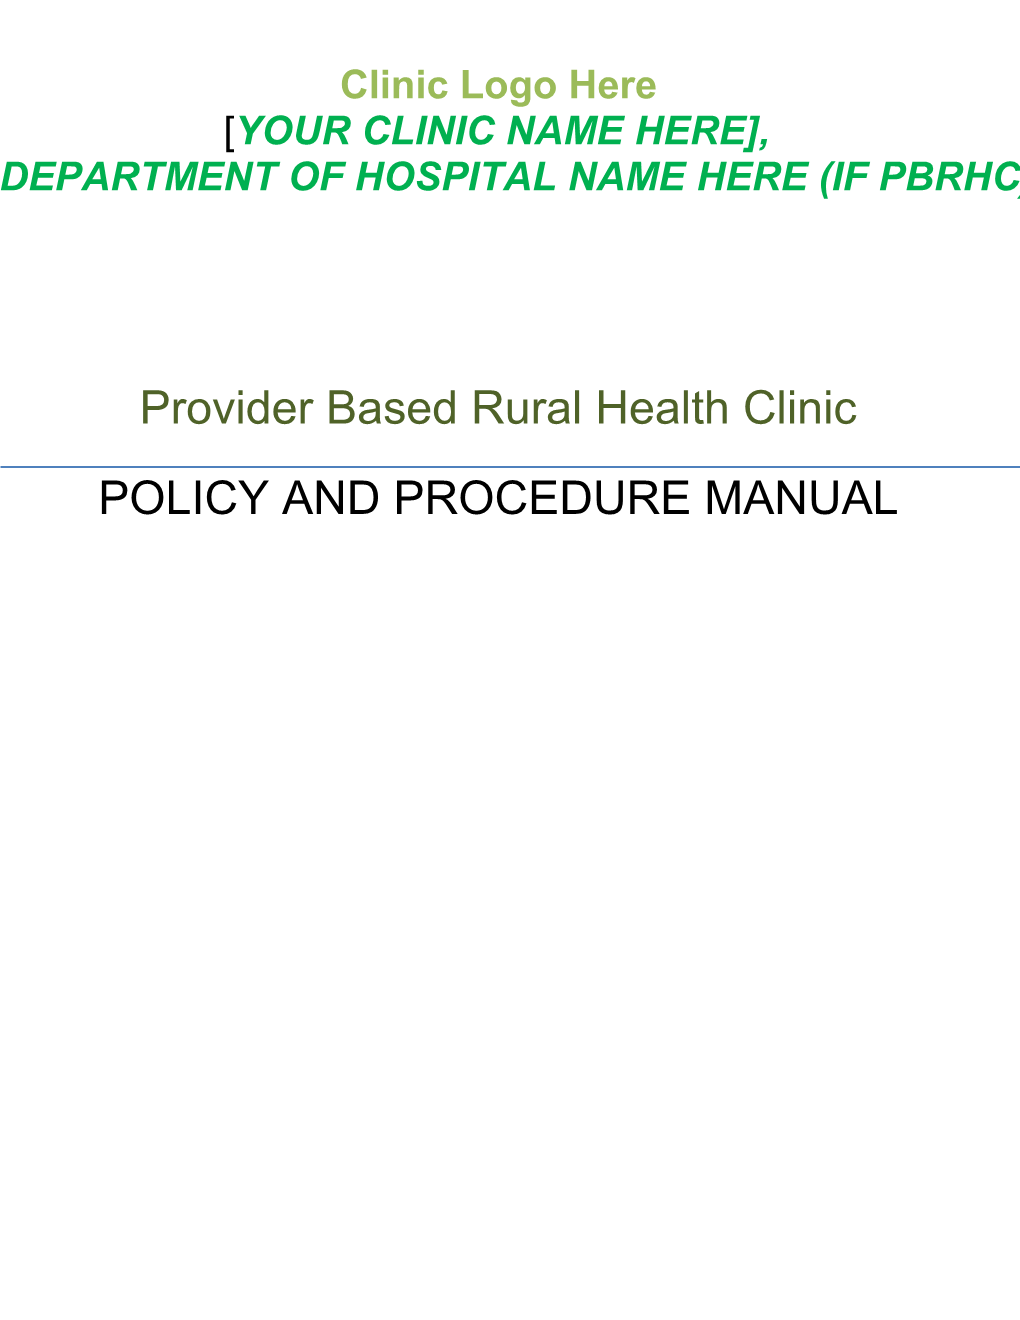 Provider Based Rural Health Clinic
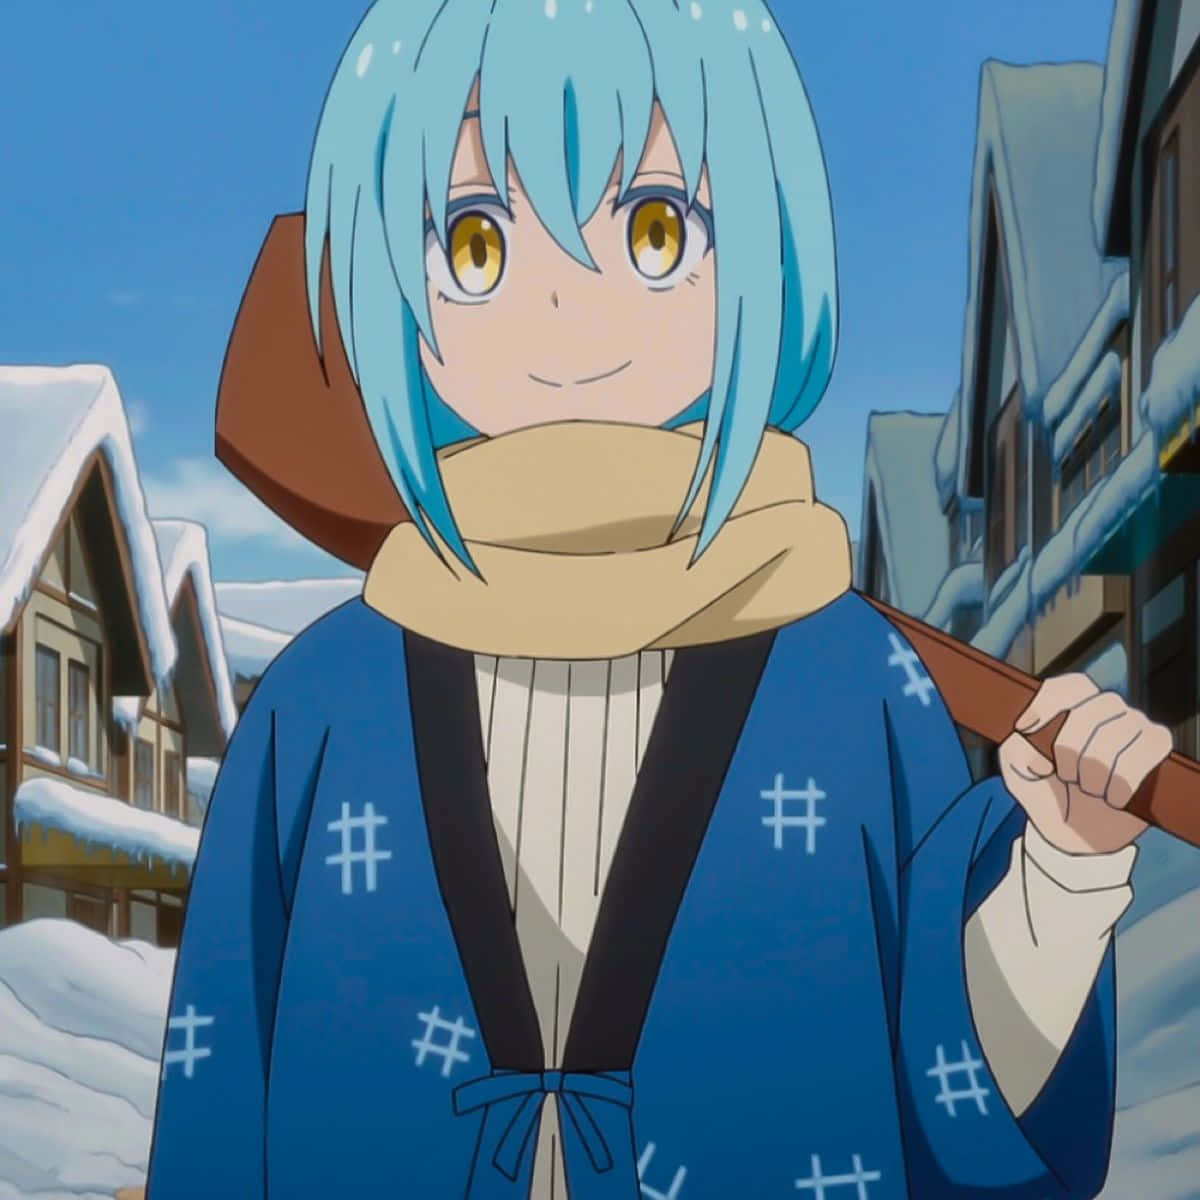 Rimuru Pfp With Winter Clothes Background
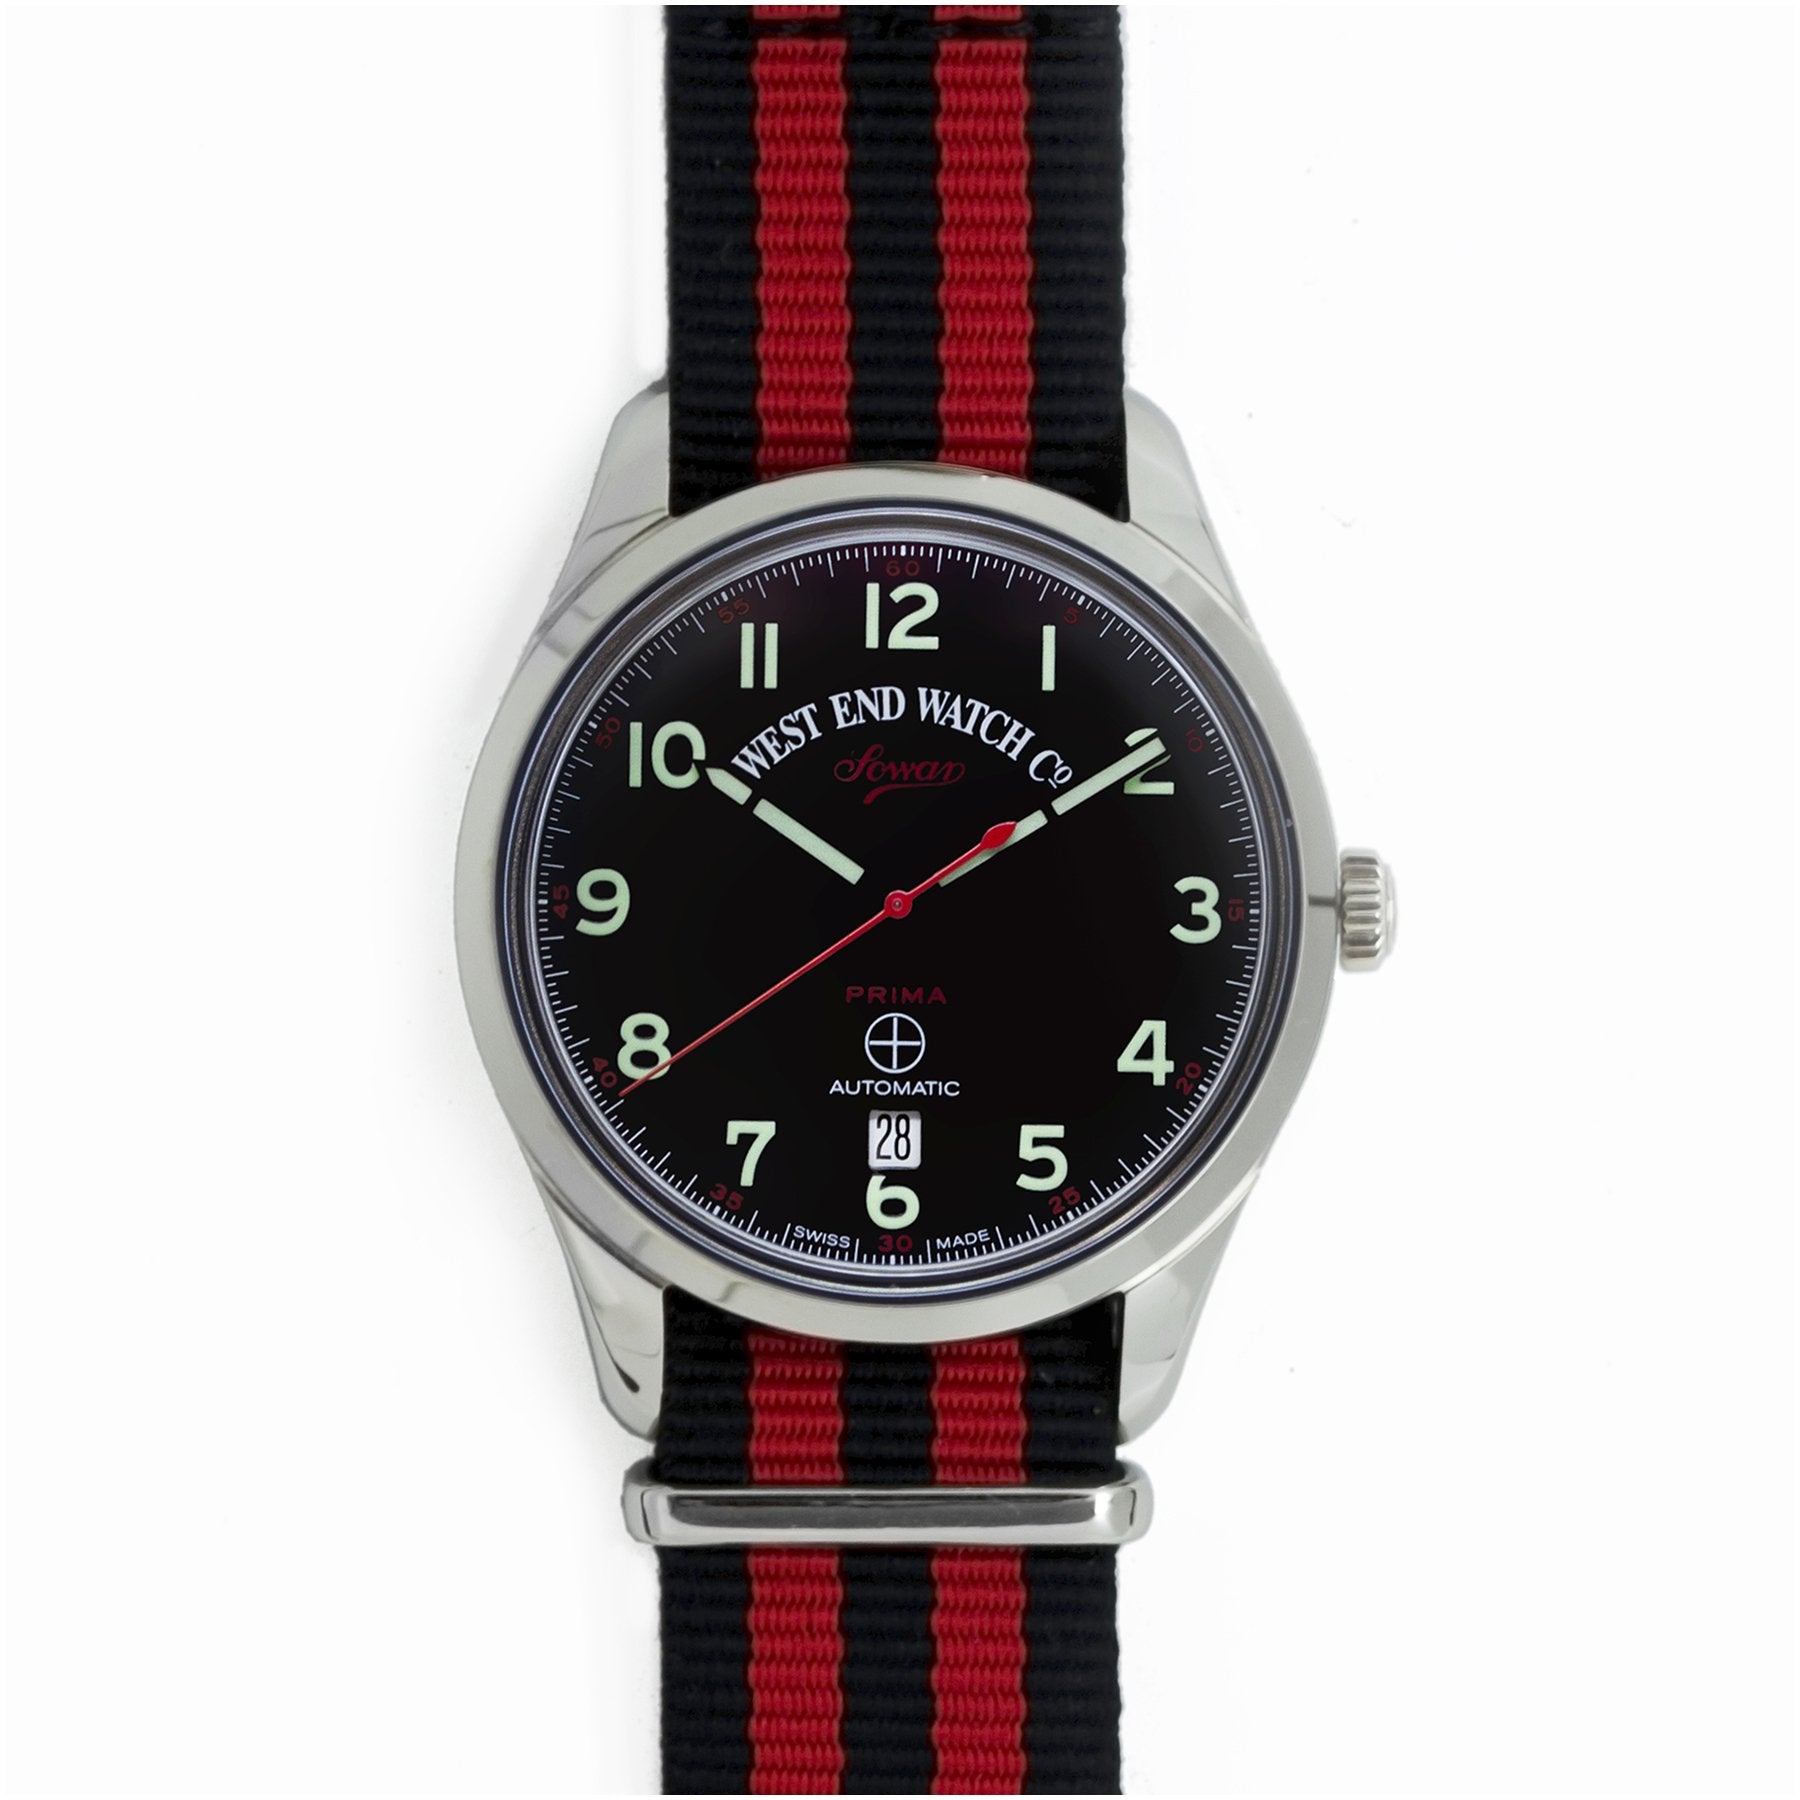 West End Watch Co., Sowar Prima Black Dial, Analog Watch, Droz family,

§ EXERCISE
Pictures are to be left out, and each line from the one that contains "Rimuru Pfp With Winter Clothes Background" through the end of the listing is to be copied exactly.

§ WRITTEN SOLUTION
 Rimuru Pfp With Winter Clothes Background
 West End Watch Co., Sowar Prima Black Dial, Analog Watch, Droz family,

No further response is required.